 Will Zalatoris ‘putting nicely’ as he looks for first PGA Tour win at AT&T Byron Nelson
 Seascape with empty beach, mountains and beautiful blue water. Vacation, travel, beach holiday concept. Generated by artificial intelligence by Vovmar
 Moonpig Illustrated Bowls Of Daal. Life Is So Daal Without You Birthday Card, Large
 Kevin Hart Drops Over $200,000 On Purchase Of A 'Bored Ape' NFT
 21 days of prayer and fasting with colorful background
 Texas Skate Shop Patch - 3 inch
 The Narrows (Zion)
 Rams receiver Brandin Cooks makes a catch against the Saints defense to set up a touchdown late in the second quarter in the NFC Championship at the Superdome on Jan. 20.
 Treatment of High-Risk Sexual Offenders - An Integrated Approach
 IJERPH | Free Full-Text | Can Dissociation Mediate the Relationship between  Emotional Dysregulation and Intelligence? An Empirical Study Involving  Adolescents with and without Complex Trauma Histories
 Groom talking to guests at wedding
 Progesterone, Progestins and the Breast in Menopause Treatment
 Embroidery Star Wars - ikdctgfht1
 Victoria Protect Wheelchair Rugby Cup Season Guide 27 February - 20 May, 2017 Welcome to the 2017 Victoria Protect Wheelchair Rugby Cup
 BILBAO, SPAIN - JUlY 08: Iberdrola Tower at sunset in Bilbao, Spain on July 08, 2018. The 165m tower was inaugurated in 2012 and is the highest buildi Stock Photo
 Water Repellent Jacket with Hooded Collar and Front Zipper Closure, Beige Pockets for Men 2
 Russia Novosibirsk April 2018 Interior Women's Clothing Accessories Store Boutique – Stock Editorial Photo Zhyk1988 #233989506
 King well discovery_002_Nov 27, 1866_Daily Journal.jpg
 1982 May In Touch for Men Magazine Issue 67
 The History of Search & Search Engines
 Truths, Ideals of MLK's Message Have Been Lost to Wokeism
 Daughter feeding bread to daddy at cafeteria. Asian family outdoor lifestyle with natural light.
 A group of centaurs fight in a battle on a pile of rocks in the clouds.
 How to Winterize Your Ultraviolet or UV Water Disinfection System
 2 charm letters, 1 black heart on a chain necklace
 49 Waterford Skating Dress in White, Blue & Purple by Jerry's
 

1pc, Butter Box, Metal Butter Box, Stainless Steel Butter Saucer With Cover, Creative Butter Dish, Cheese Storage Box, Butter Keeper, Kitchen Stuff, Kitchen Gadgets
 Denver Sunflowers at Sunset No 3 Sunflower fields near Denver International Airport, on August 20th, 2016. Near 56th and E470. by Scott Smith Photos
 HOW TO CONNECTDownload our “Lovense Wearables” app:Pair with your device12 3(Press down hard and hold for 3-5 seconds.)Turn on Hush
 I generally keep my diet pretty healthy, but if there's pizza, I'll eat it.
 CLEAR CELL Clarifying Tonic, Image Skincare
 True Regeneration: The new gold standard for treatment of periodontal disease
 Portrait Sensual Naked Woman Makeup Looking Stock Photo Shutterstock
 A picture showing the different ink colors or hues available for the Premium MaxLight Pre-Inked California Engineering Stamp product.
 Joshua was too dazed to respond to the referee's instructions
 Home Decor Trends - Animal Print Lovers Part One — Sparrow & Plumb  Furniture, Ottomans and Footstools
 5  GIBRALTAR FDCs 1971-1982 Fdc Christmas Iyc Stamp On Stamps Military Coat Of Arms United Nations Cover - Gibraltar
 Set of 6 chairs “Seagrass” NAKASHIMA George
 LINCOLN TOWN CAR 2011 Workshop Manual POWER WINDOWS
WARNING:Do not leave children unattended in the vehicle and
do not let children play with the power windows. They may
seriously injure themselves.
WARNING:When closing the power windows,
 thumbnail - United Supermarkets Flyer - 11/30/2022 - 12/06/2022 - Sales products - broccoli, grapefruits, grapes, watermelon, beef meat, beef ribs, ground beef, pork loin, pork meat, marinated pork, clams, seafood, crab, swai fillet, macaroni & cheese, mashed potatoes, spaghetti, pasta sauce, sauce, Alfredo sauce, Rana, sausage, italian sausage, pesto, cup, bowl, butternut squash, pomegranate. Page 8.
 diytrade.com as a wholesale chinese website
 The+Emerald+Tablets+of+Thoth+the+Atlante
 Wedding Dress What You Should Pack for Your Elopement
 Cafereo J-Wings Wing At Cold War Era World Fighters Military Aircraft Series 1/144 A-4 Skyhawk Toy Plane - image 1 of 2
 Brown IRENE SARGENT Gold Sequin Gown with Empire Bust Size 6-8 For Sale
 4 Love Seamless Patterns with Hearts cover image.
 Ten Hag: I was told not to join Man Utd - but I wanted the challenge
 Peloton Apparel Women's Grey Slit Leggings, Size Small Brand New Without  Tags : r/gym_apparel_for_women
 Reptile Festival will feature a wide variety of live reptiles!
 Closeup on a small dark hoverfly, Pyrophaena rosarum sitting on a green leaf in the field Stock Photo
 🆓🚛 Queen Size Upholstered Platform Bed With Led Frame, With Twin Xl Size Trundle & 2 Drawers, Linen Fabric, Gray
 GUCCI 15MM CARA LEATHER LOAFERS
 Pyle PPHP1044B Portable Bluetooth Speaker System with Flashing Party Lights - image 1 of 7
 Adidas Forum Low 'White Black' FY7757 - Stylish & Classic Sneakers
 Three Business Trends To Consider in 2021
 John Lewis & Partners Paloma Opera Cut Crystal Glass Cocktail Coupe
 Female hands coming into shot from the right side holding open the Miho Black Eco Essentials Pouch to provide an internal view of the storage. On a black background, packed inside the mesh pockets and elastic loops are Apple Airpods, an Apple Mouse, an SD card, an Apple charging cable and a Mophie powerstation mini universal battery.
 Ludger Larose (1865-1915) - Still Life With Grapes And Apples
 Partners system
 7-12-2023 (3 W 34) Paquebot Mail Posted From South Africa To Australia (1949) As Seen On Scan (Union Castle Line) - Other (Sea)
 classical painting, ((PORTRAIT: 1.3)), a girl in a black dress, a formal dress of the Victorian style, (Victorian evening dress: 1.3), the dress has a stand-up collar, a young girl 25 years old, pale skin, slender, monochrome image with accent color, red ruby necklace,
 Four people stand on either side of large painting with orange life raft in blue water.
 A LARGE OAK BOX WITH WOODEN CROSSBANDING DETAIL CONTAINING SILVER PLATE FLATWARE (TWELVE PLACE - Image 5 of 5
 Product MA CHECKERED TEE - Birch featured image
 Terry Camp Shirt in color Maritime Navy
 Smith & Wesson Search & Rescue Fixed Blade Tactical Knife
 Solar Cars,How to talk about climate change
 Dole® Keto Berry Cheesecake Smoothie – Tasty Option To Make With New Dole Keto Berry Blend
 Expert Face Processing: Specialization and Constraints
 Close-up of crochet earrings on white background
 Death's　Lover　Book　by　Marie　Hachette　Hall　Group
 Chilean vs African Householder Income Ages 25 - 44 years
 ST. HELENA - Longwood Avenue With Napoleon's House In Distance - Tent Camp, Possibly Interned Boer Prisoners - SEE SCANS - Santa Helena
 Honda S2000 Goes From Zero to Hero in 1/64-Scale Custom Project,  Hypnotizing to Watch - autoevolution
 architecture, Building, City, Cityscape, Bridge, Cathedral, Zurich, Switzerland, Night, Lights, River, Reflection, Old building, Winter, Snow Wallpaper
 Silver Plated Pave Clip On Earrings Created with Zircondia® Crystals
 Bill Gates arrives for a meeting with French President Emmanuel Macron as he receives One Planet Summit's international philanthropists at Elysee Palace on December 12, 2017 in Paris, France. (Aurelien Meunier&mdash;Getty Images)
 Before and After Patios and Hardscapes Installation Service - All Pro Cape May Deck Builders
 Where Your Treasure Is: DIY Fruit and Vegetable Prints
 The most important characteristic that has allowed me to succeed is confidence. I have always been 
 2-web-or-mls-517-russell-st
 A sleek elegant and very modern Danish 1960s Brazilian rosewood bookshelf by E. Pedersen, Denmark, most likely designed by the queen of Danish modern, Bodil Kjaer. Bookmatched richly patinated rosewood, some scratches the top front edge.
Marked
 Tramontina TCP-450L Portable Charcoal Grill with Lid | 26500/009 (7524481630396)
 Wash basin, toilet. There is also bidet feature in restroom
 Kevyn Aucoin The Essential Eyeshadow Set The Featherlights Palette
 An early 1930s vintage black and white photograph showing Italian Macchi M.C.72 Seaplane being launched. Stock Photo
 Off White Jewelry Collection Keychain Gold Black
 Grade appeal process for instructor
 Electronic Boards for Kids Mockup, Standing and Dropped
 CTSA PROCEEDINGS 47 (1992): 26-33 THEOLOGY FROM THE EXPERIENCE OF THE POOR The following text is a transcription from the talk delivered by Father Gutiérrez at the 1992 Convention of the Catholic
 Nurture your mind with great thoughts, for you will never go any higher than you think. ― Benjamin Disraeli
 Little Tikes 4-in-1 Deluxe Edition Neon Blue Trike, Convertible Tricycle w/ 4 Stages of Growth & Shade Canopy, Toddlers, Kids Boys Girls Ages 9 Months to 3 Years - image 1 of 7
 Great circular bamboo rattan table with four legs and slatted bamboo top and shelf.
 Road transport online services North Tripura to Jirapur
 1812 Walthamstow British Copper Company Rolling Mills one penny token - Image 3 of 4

== == ==

# [TASK STATEMENT]
Of all the entries above, retype exactly the lines from the line with "Daughter feeding bread" to the line with "CLEAR CELL Clarifying Tonic, Image Skincare", both included, and no others.

# [RESULT]
 Daughter feeding bread to daddy at cafeteria. Asian family outdoor lifestyle with natural light.
 A group of centaurs fight in a battle on a pile of rocks in the clouds.
 How to Winterize Your Ultraviolet or UV Water Disinfection System
 2 charm letters, 1 black heart on a chain necklace
 49 Waterford Skating Dress in White, Blue & Purple by Jerry's
 

1pc, Butter Box, Metal Butter Box, Stainless Steel Butter Saucer With Cover, Creative Butter Dish, Cheese Storage Box, Butter Keeper, Kitchen Stuff, Kitchen Gadgets
 Denver Sunflowers at Sunset No 3 Sunflower fields near Denver International Airport, on August 20th, 2016. Near 56th and E470. by Scott Smith Photos
 HOW TO CONNECTDownload our “Lovense Wearables” app:Pair with your device12 3(Press down hard and hold for 3-5 seconds.)Turn on Hush
 I generally keep my diet pretty healthy, but if there's pizza, I'll eat it.
 CLEAR CELL Clarifying Tonic, Image Skincare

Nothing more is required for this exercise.